DATA EXCERPT »
==================================================
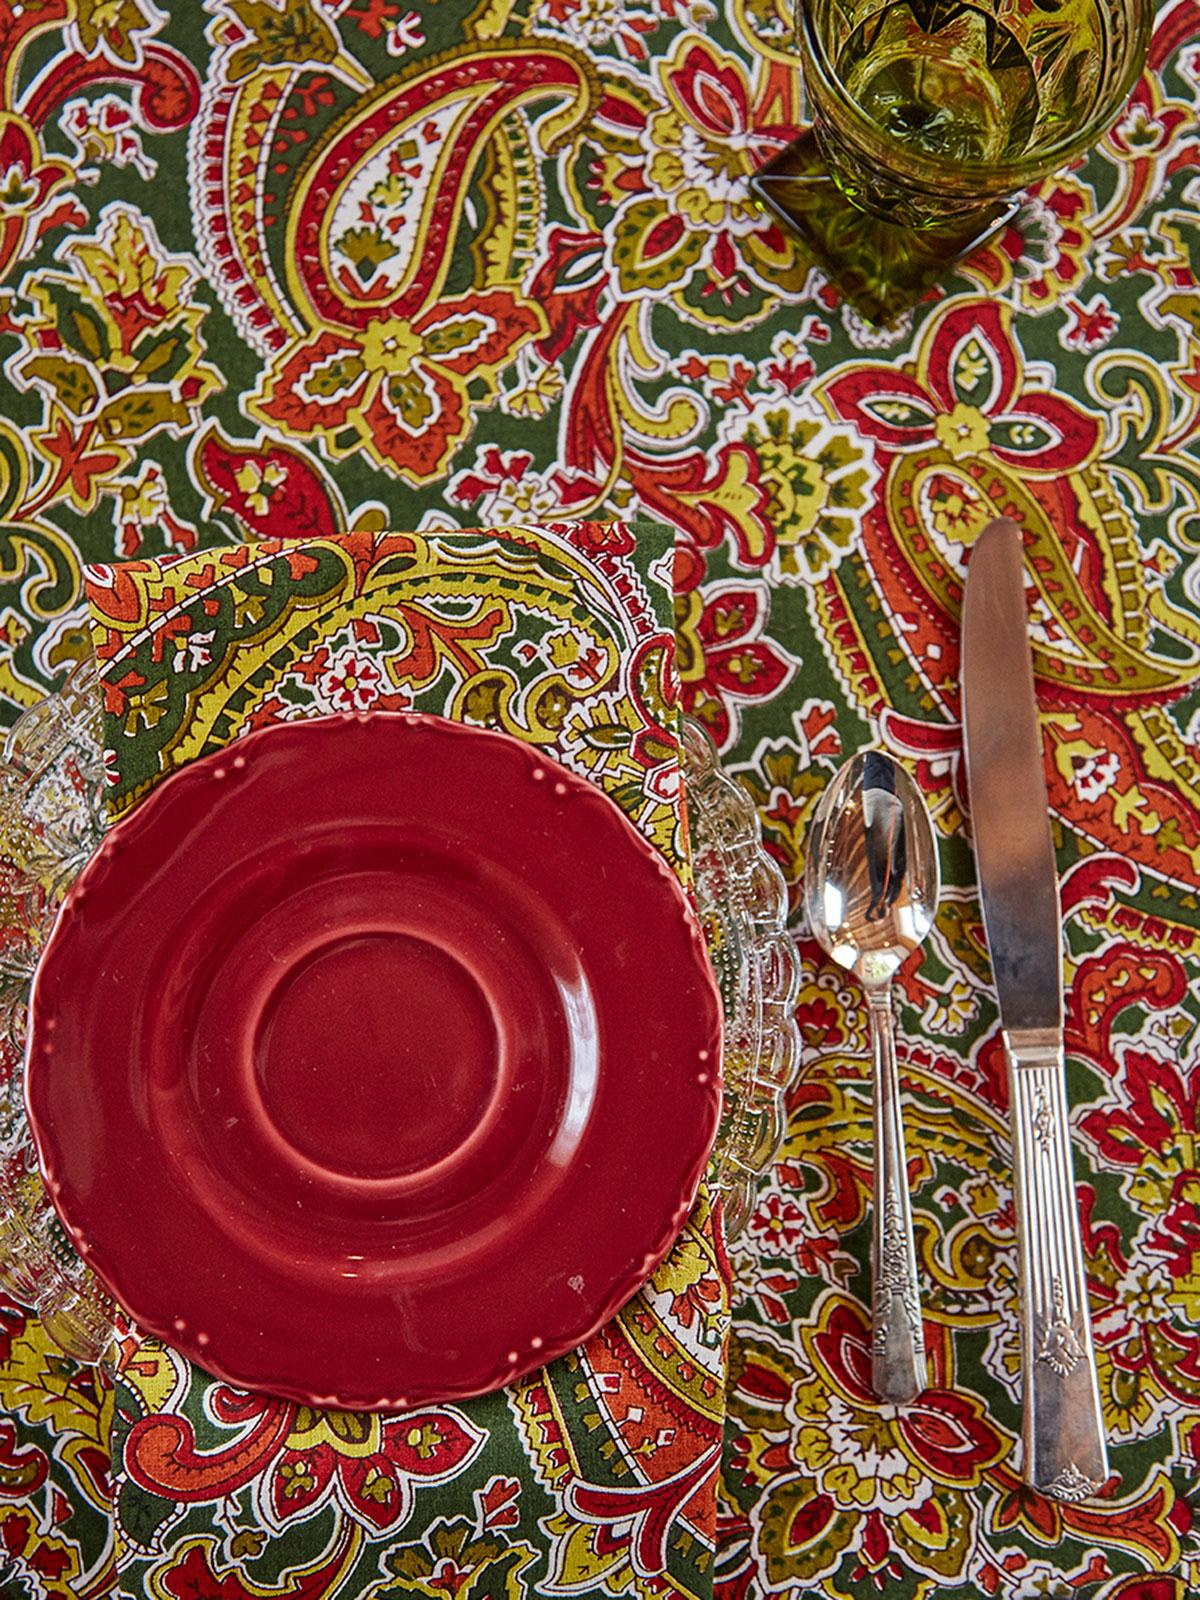 Priscilla's Paisley Tablecloth
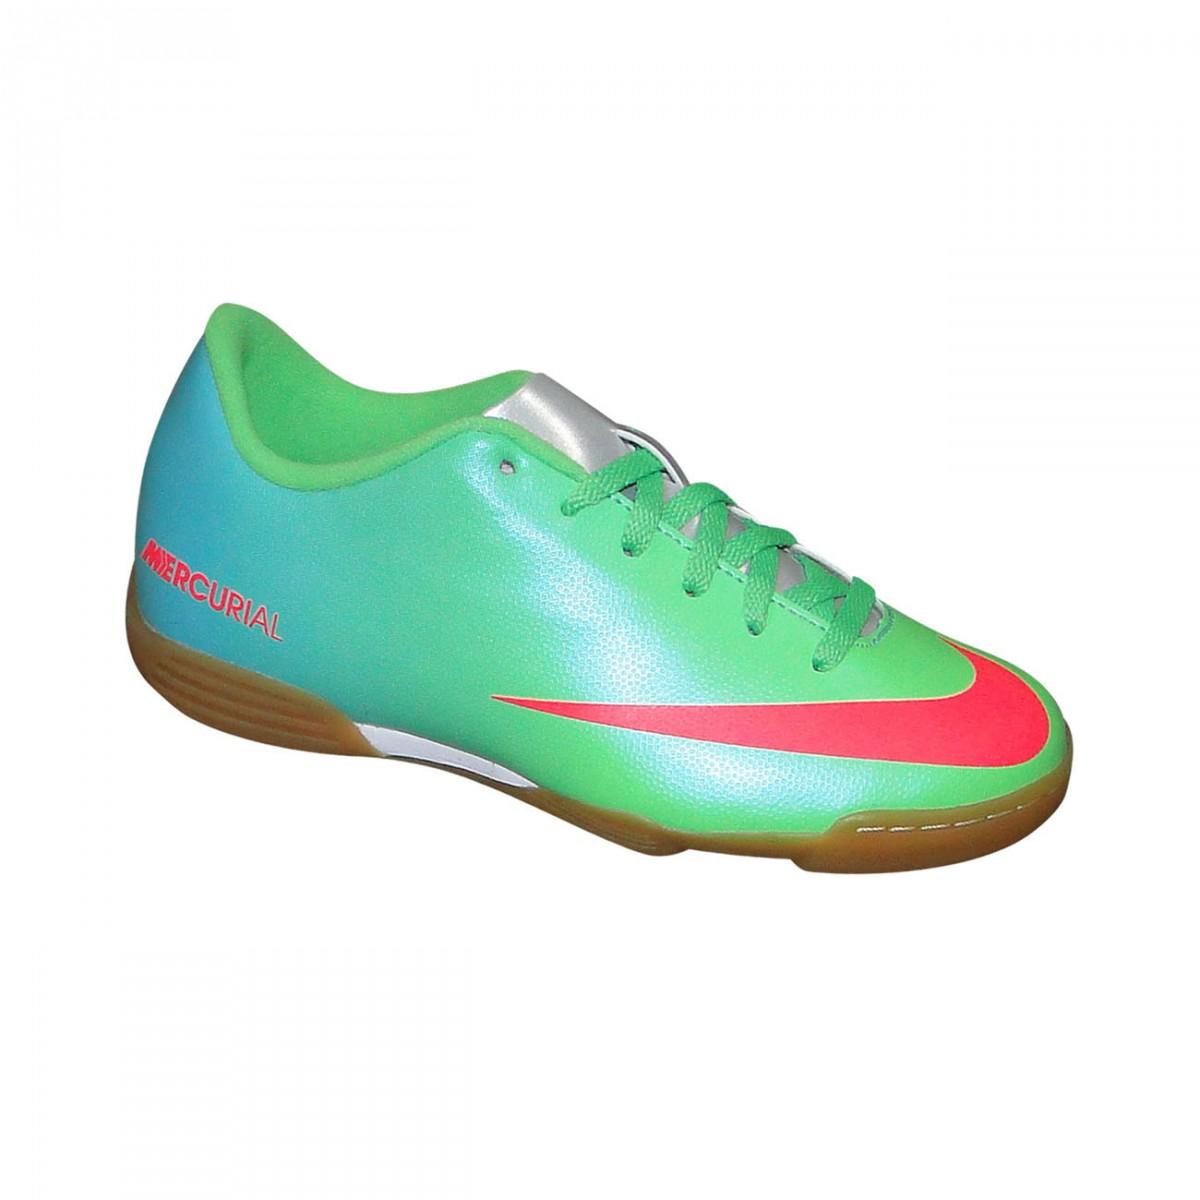 Tenis Nike Mercurial Vortex Infantil 588150 300 - Verde Azul Coral ... 0adc5426519f2
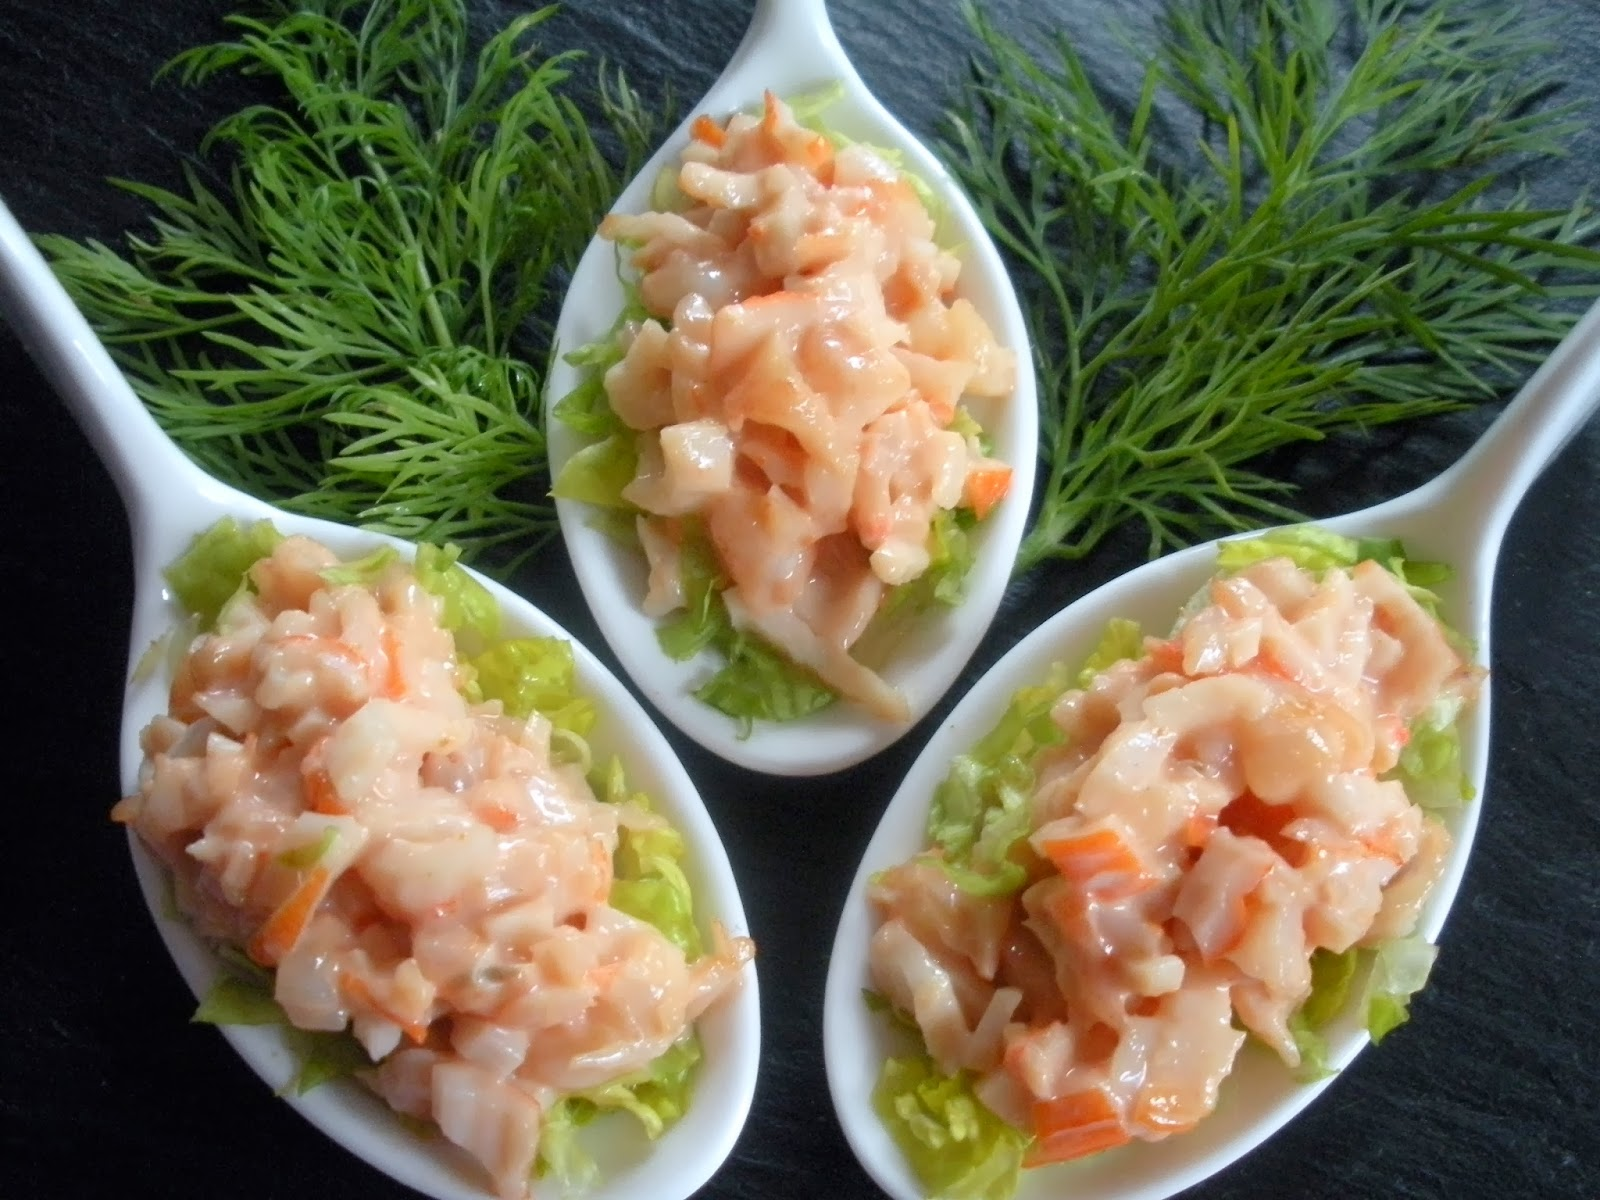 Aqu se cocina cucharitas de aperitivo - Aperitivos de mariscos ...
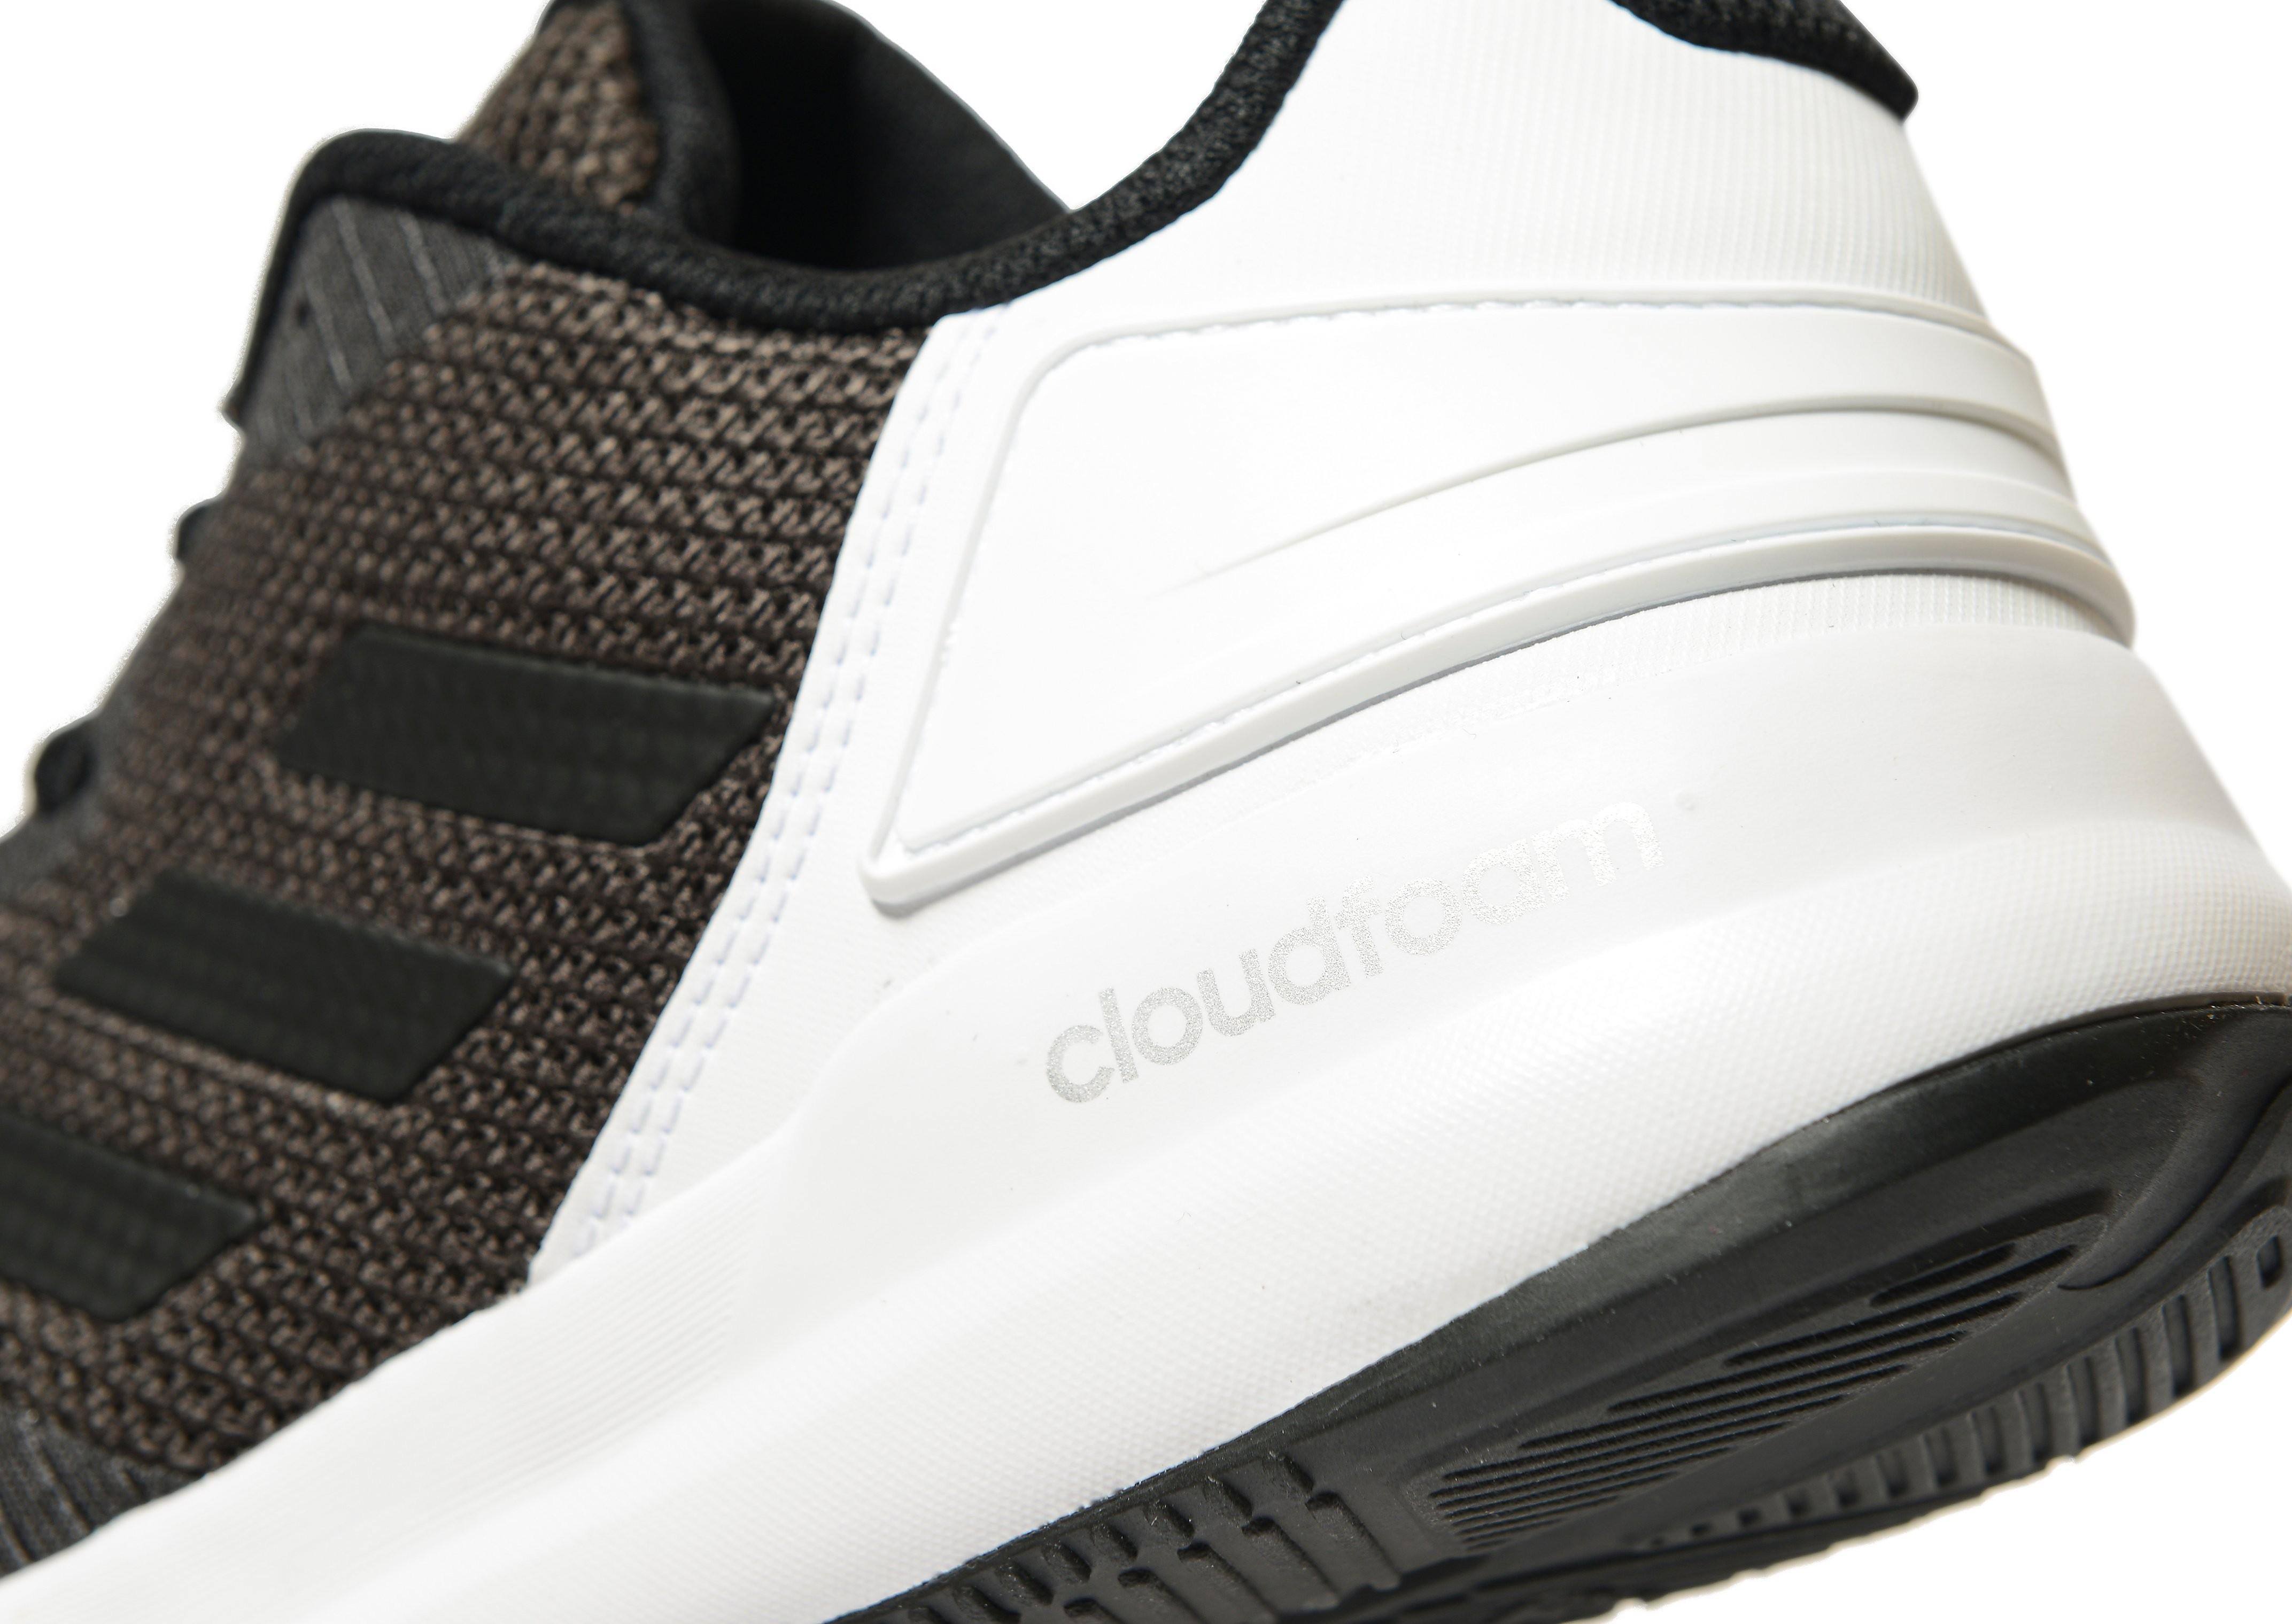 adidas CRAZYTRAIN 2.0 Cloudfoam Shoes
==================================================
TASK OBJECTIVE » All of the data should be returned word for word, with each picture left out.

SOLUTION TO THIS PROBLEM »
 Priscilla's Paisley Tablecloth
 Tenis Nike Mercurial Vortex Infantil 588150 300 - Verde Azul Coral ... 0adc5426519f2
 Aqu se cocina cucharitas de aperitivo - Aperitivos de mariscos ...
 adidas CRAZYTRAIN 2.0 Cloudfoam Shoes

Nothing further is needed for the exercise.